### Assigned task
Repeat, exactly and in full, the lines of the listing below, but without any pictures.

### Provided data
========================================================================
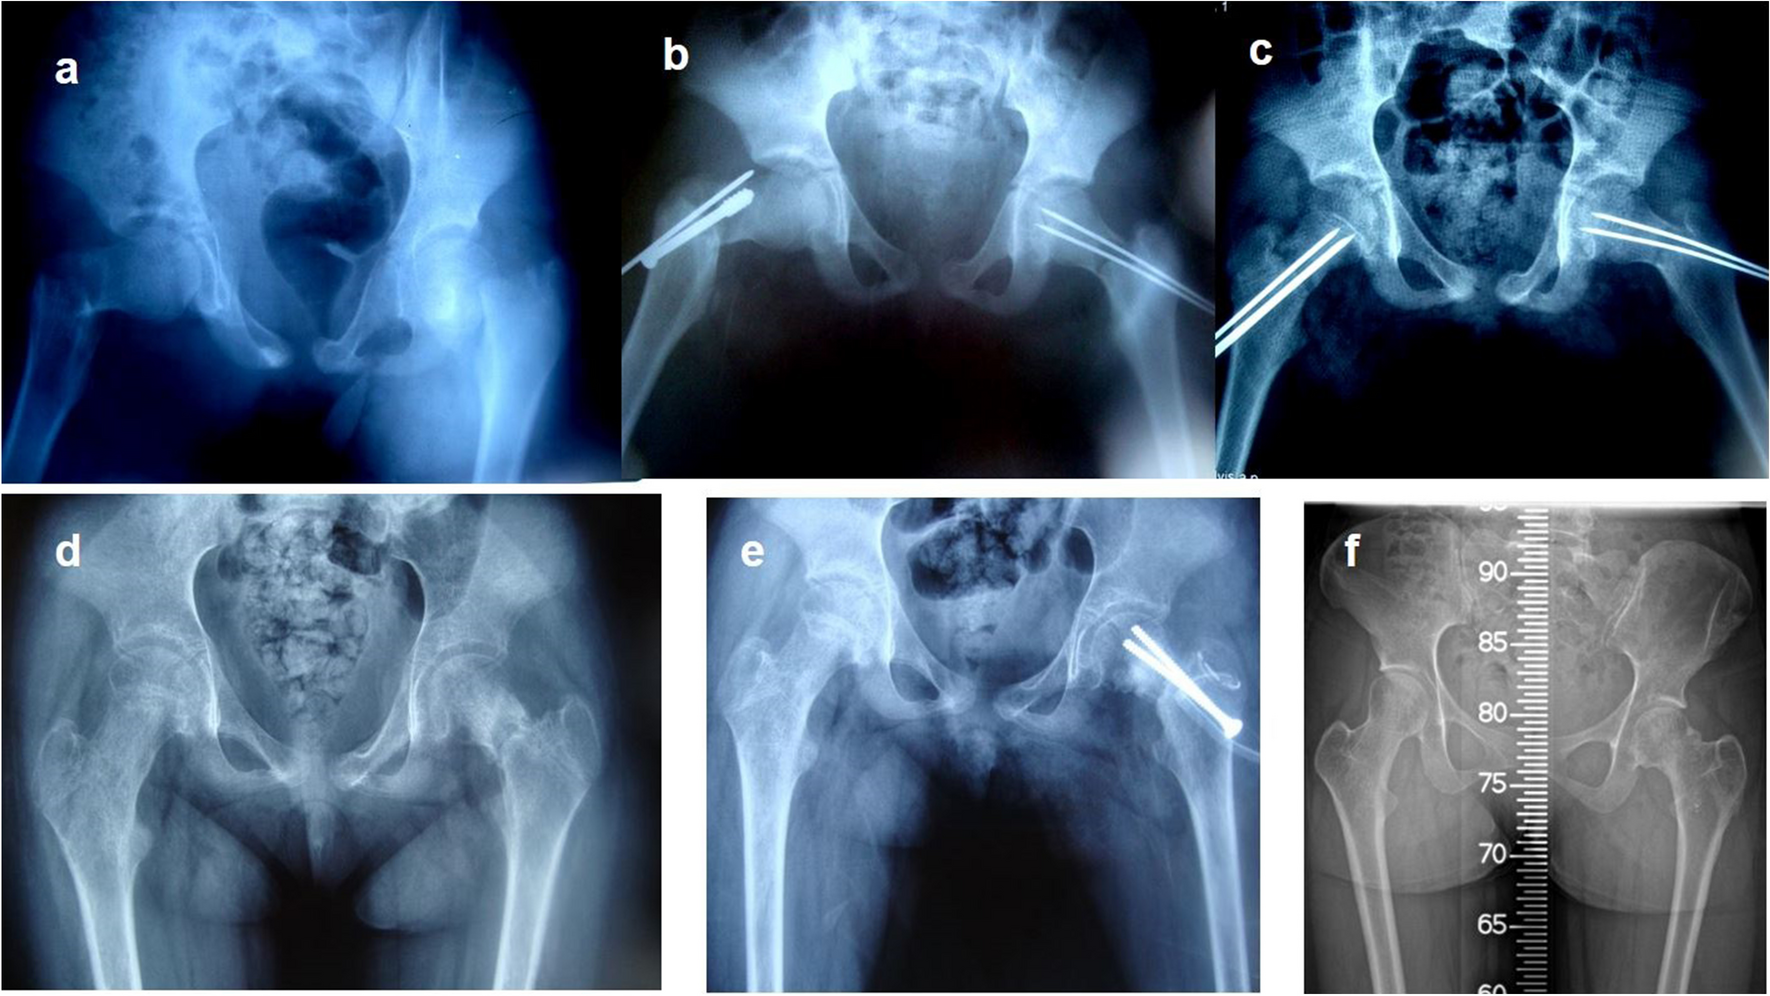 Analysis of influential factors on surgical outcomes in pediatric femur neck fractures: a single-institution retrospective study
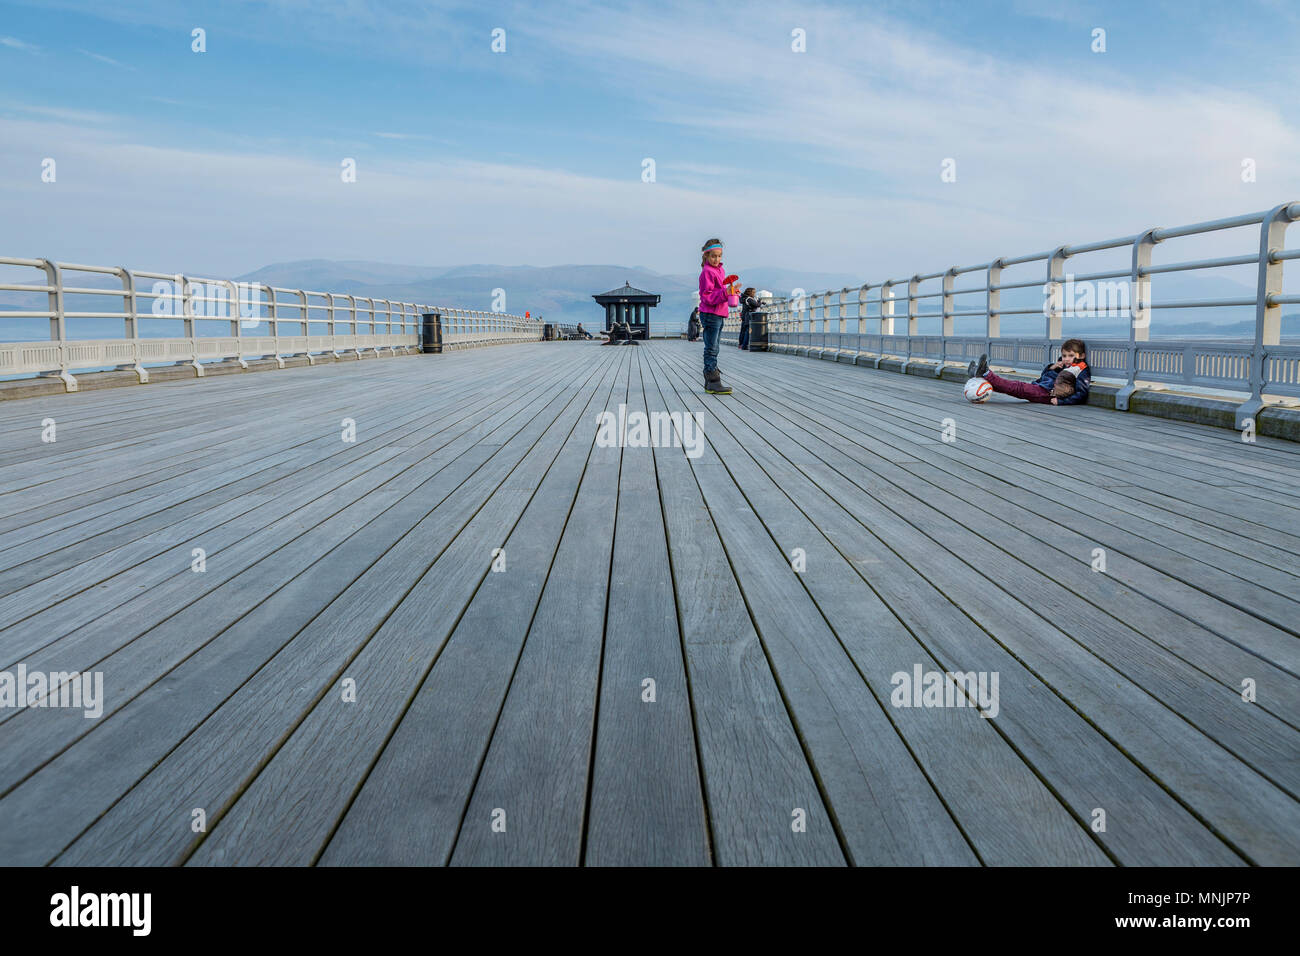 Tourists enjoying a sunny spring evening on a wooden pier with views of Snowdonia mountains, Beaumaris Pier, Anglesey, North Wales, UK Stock Photo
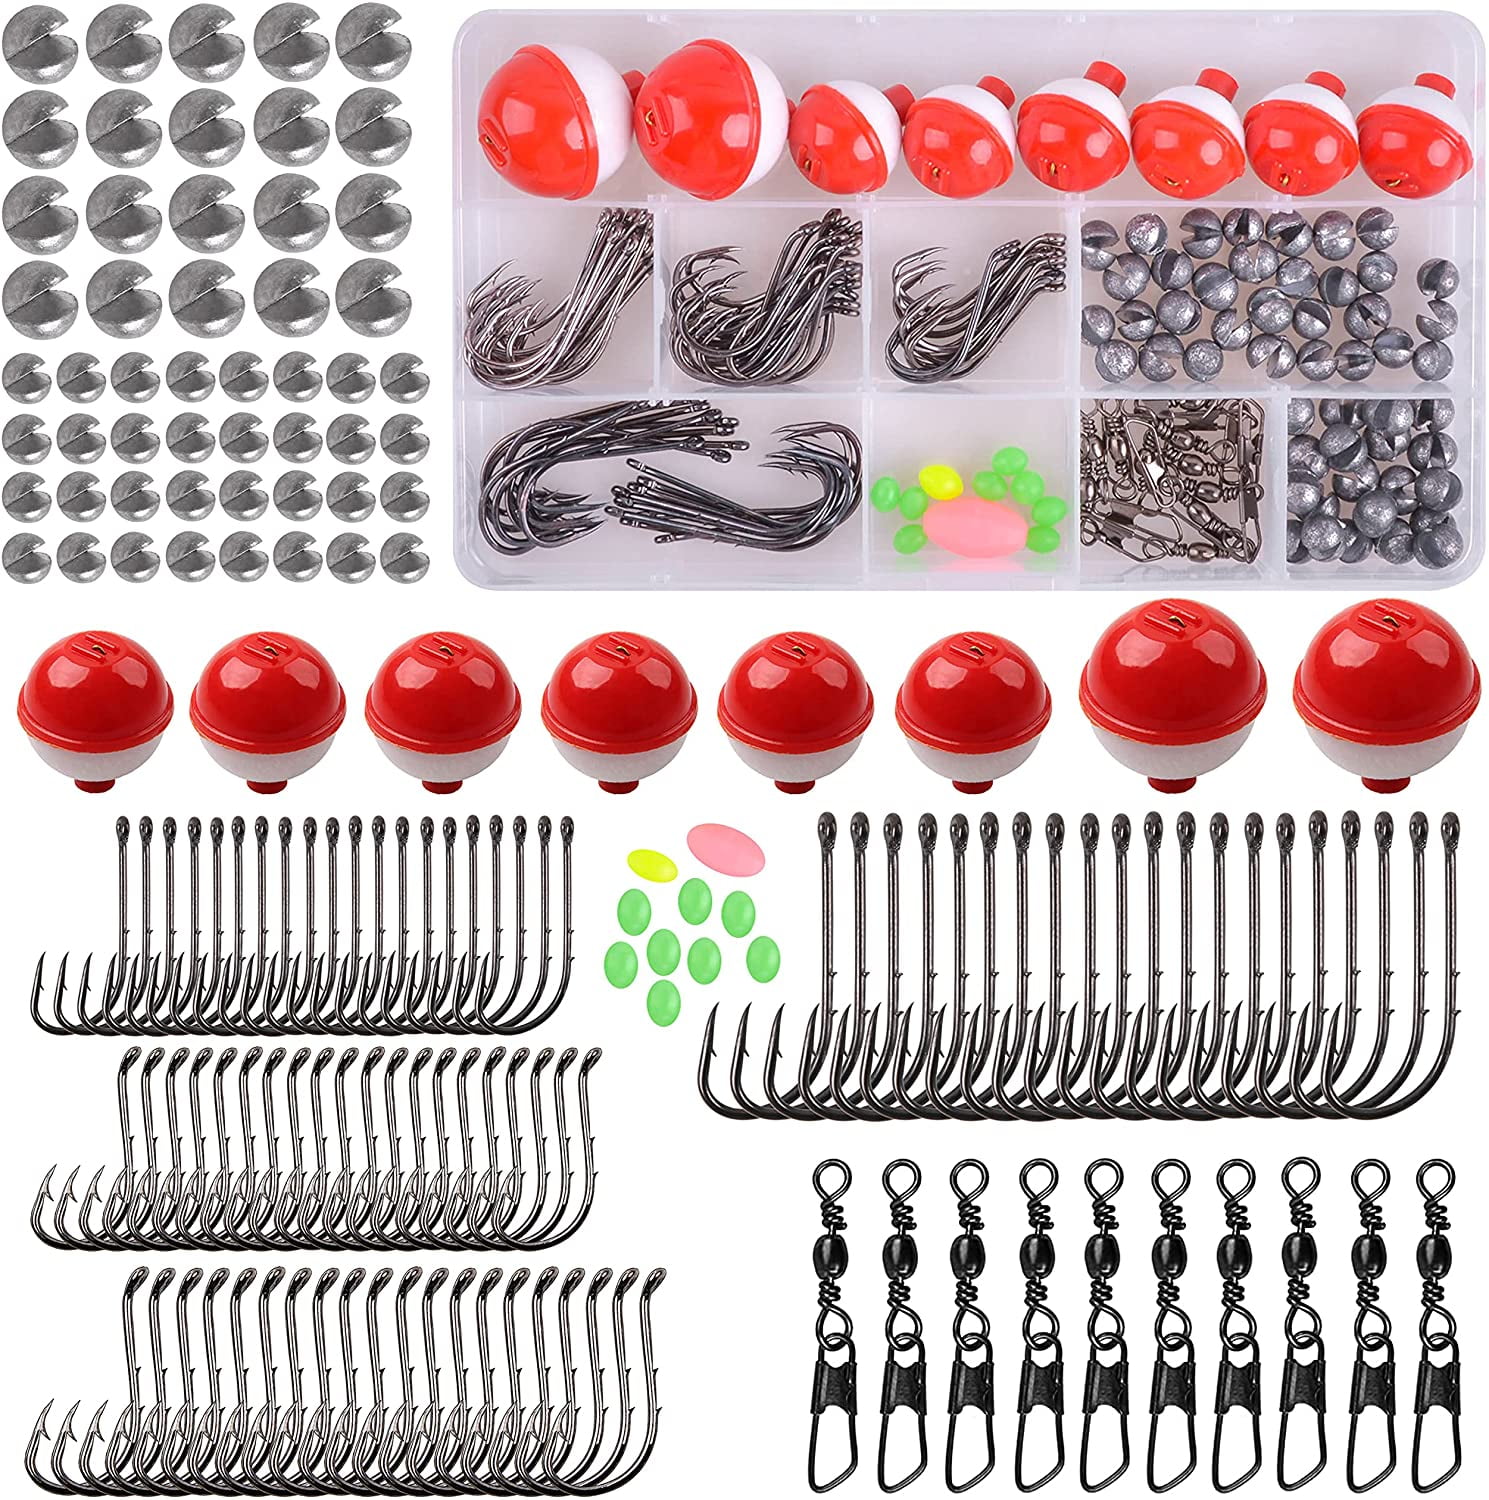 Sporting 52 Pcs/set Lead Sheet Strips Fishing Tackle Sinkers Weights Accessories
========================================================================
### Task result
 Analysis of influential factors on surgical outcomes in pediatric femur neck fractures: a single-institution retrospective study
 Tourists enjoying a sunny spring evening on a wooden pier with views of Snowdonia mountains, Beaumaris Pier, Anglesey, North Wales, UK Stock Photo
 Sporting 52 Pcs/set Lead Sheet Strips Fishing Tackle Sinkers Weights Accessories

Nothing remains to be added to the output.